4 Conclusion and Future Research

This paper is intended to start a broader discussion on how lean thinking can and should be integrated in the digital era. Since the 1990s, the widespread adoption of lean thinking within and across industries has contributed to a truly lean world [28]. More recently, the digital era allows us to deal with lots of information, arising from sensors, CPS, IoT and social networks. The challenge is to understand how to use these technologies in order to build on the fundamentals of lean thinking and create even more value and to improve industrial productivity. In particular, information must be displayable, reusable and must be provided to the right person, in the right format, at the right moment. Lean thinking has vast potential in the digital era since it promotes information visualization, the just-in-time delivery and achieving more with less, for example using no more information than is required. Moreover, lean thinking has an impact on human resources (customer involvement, employee involvement, leadership development) and on problem-solving techniques, to manage information in a proper way, knowing what, how, when and why information must be available. Therefore, the integration of digital technologies with lean manufacturing seems reasonable and beneficial. Nonetheless, a number of fundamental issues remain unaddressed. Further research must be carried out to address the following areas:

  • To investigate the machine-human interaction and to understand how to integrate new professional functions such as data scientists in the current manufacturing environment [1]. Although software can run algorithms to explore data, there is still a need for human resources to be able to manage different challenges: to understand the context from which the data arises, to interpret the data and sometimes to translate data languages and to choose suitable analyses methods. In “data driven” problems (unsupervised learning), data scientists must be able to extract hidden information from data and use them to better explain or solve situational problems. In “problem driven” situations (supervised learning), data scientists must be able to find a way to extract data from suitable sources and to use them to test hypotheses. In both cases, data scientists must be able to provide the right knowledge, to the right person, in the right moment and with the right language and should be able to speak with other specific industrial resources (business partners, designers, employees, etc.). Automatically this means implementing lean thinking, which aims to provide the right amount of information, to the right person, in the right moment and in a displayable and reusable format.

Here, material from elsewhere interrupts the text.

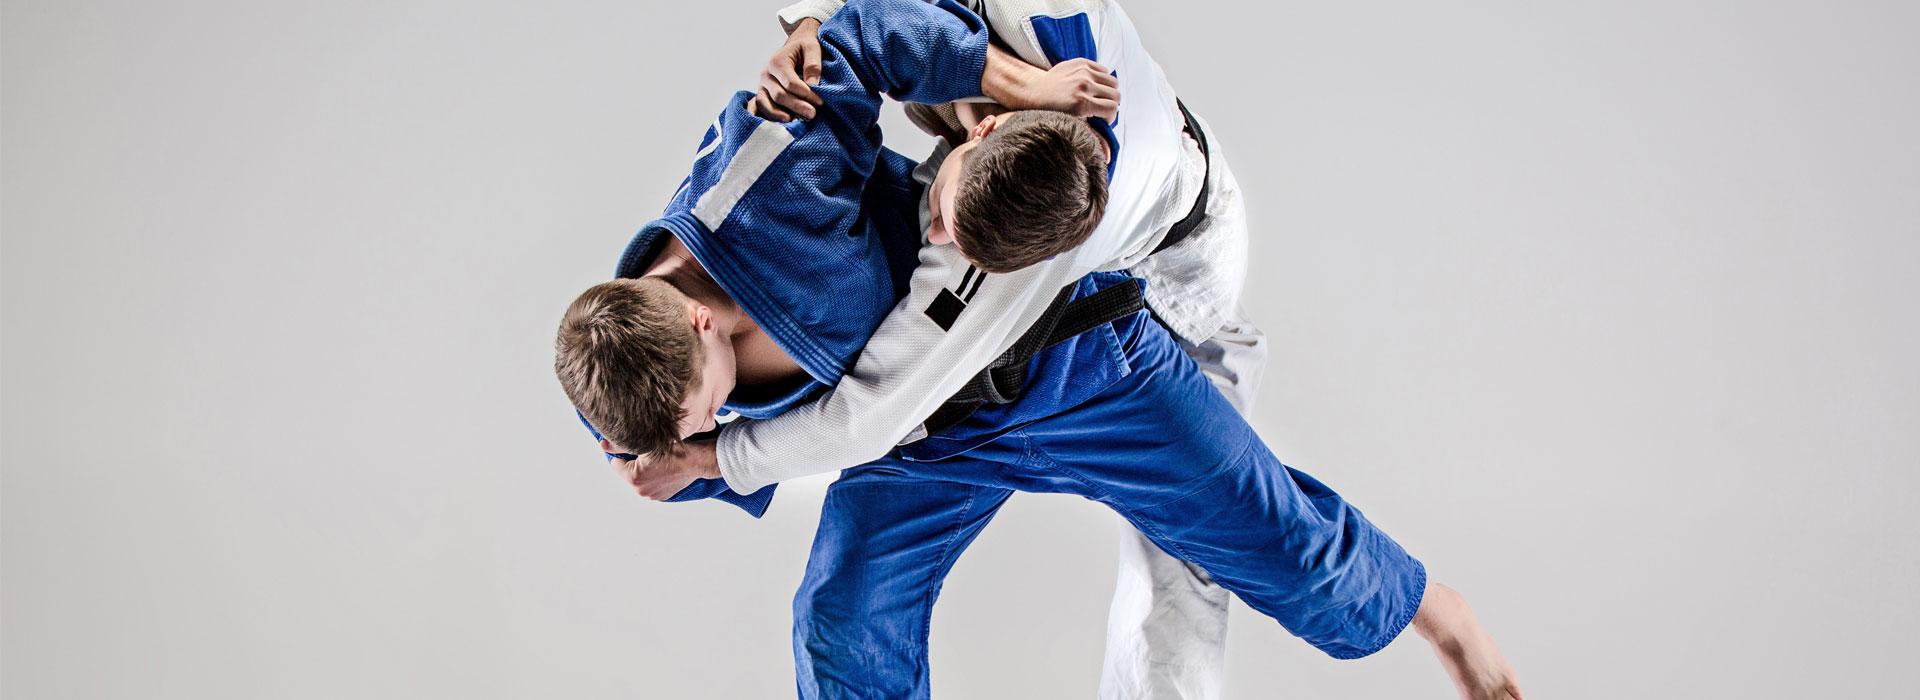 judopak kopen waar moet je op letten

  • To understand how to define the industrial productivity in the context of digitalized lean, and to understand how to measure it.

  • To understand when data are useful or even necessary during the product life cycle. In particular IT tools connected with PLM should contribute to collect, manage, share and make available all information of the products (and in principle also services) along the whole life cycle. It should be natural that existing software solutions must be integrated with suitable statistical tools and algorithms able to perform analyses to extract value and re-usable information from different data sources such as sensors, CPS, IoT and social networks.

This literature review is a starting point for a more exhaustive systematic review, where we want to study in depth the connection between lean thinking and digital technologies. We will perform a more comprehensive analysis, completing the keywords research adding other main keywords such as “data”, “digital”, “big data” and “human”. Qualitative analysis should be replaced by a quantitative analysis, following for example what was carried out in [23], with more emphasis on specific aspects such as human skills integration and technology-human interactions, interconnectivity of data and product life cycle management, and the definition of the industrial productivity in a digitalized lean world.

Further and deeper studies will be conducted to complete the literature review adding some specific industrial cases, in order to observe how industries are changing and enhancing their productivity applying lean digital thinking.